Exercise requirements> Transcribe the data underneath exactly. No images belong in your version.

Collected data>

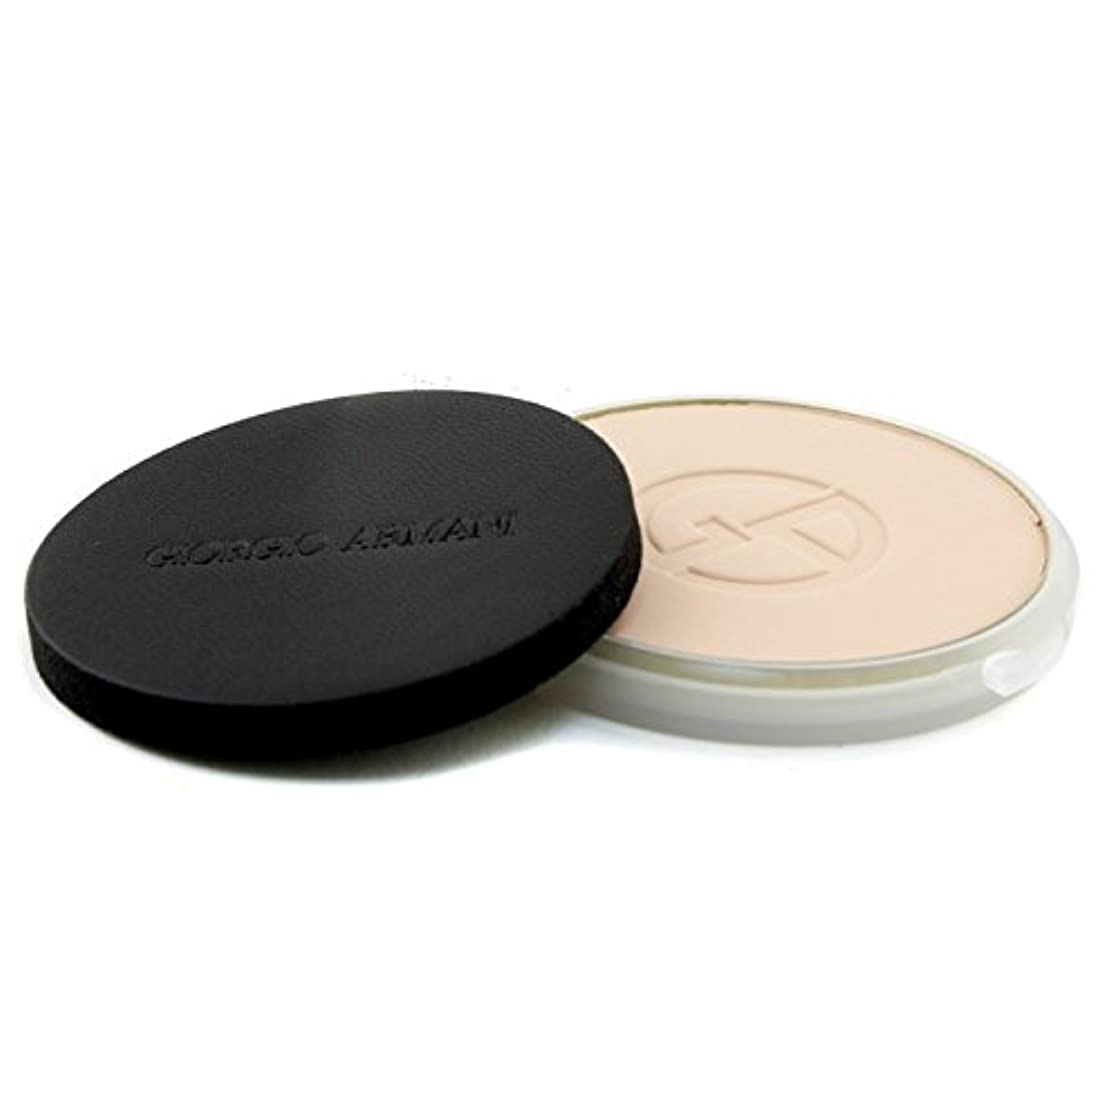 バランスインサート感染するジョルジオアルマーニ Lasting Silk UV Compact Foundation SPF 34 (Refill) - # 3 (Light Sand) 9g/0.3oz並行輸入品
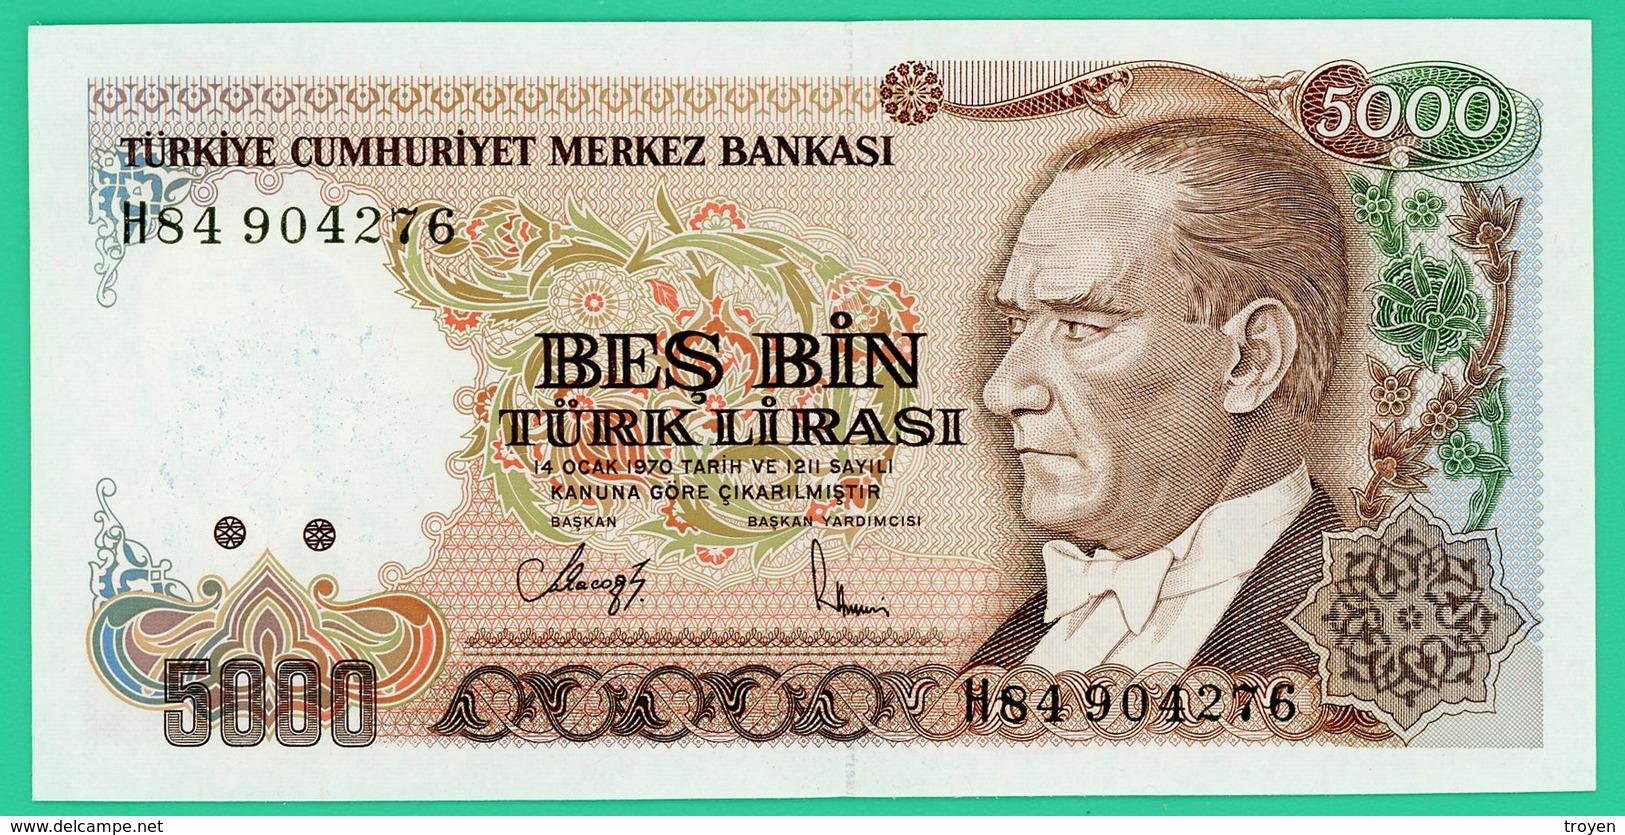 5000 Lira - Turquie - 1970 - N° H4904276 -  Neuf - - Turquie
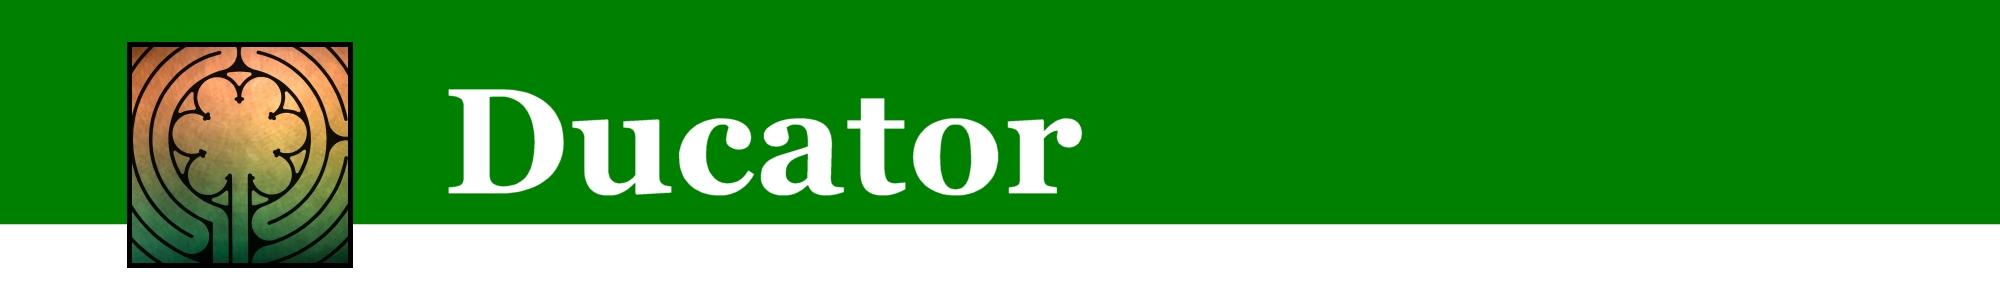 Ducator logo
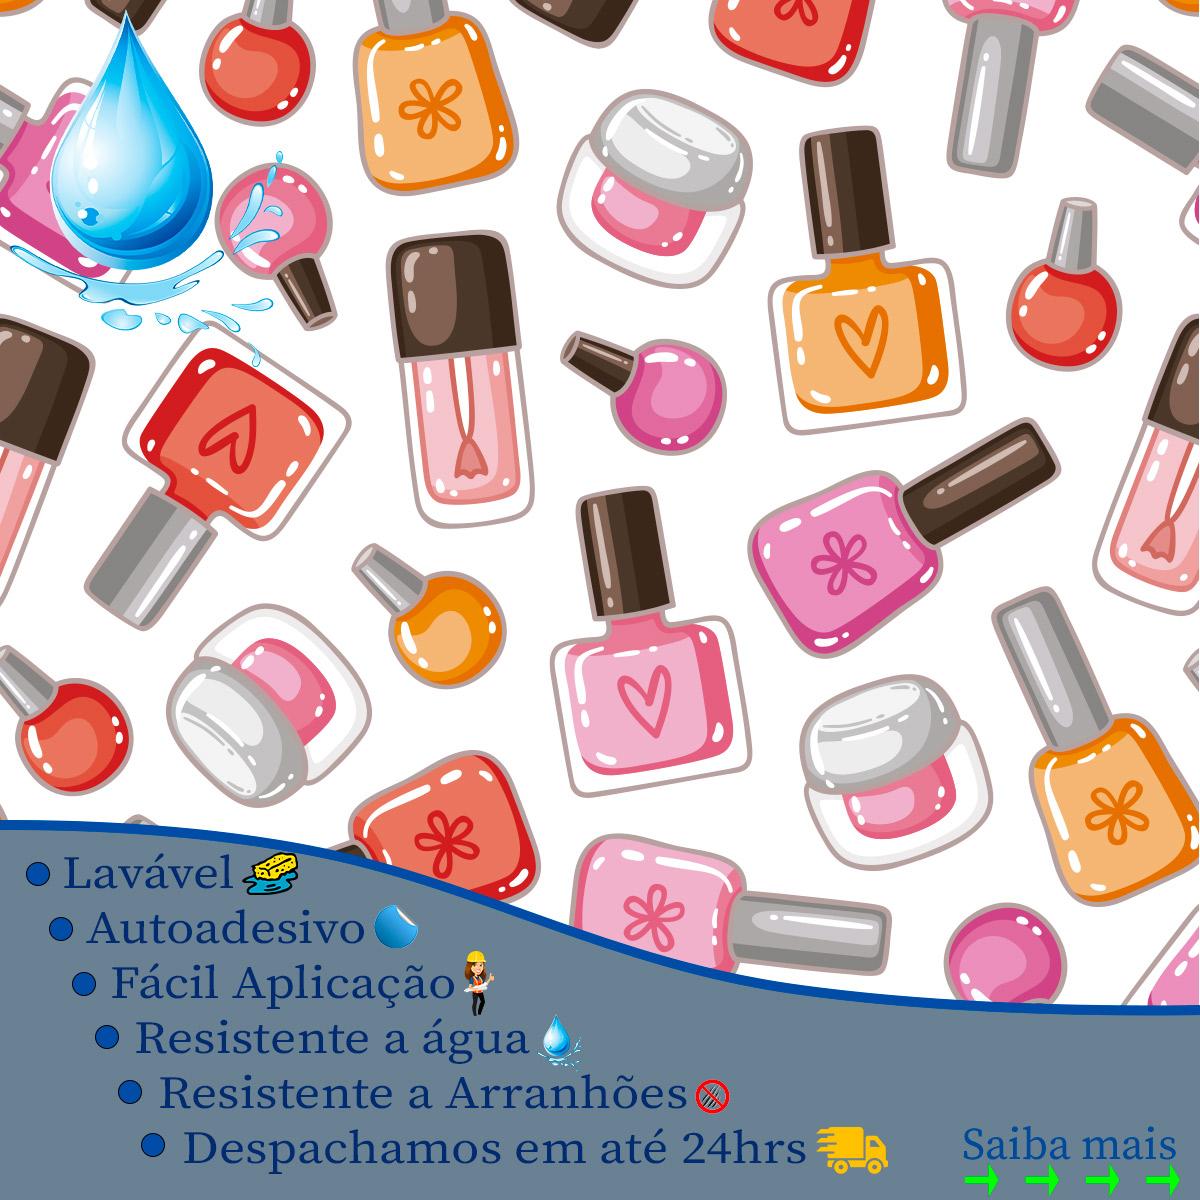 Papel de Parede Esmalteria Esmaltes Coloridos Adesivo
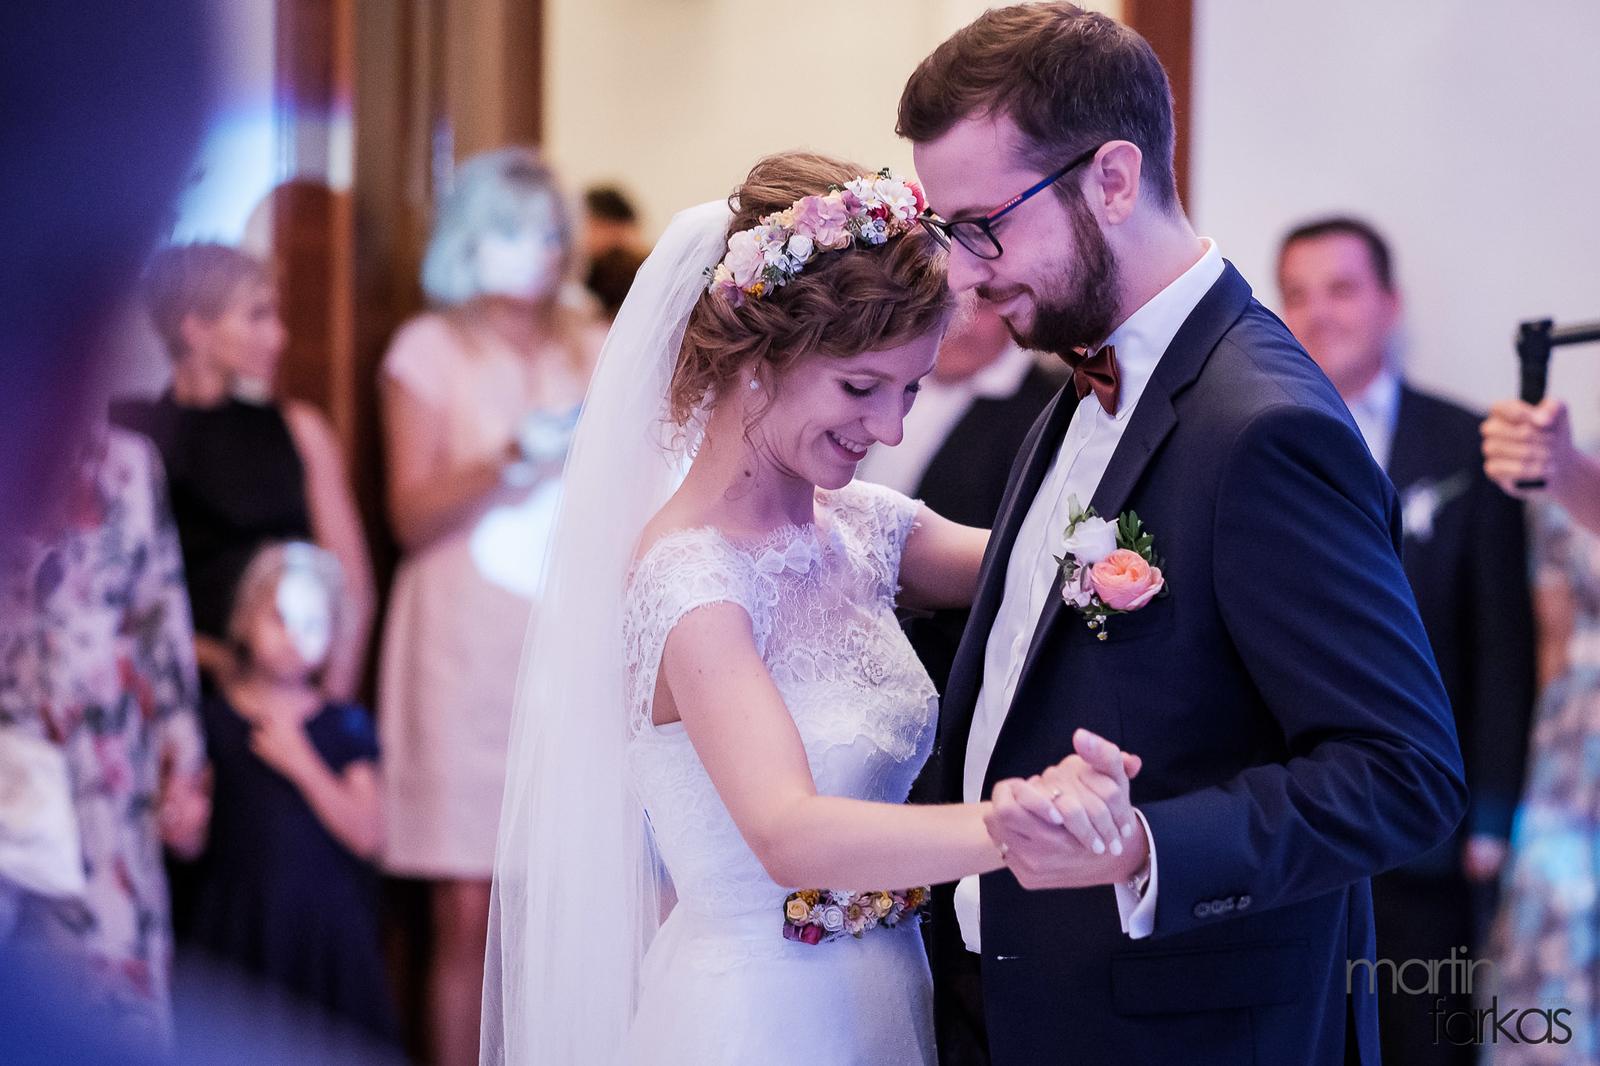 Svadba Smolenice, Zámok 01 #svadobnyDJ, #djanasvadbu, #svadba, #svadbasmolenice, #zamoksmolenice

Written response>
 バランスインサート感染するジョルジオアルマーニ Lasting Silk UV Compact Foundation SPF 34 (Refill) - # 3 (Light Sand) 9g/0.3oz並行輸入品
 5000 Lira - Turquie - 1970 - N° H4904276 -  Neuf - - Turquie
 Ducator logo
 Papel de Parede Esmalteria Esmaltes Coloridos Adesivo
 Svadba Smolenice, Zámok 01 #svadobnyDJ, #djanasvadbu, #svadba, #svadbasmolenice, #zamoksmolenice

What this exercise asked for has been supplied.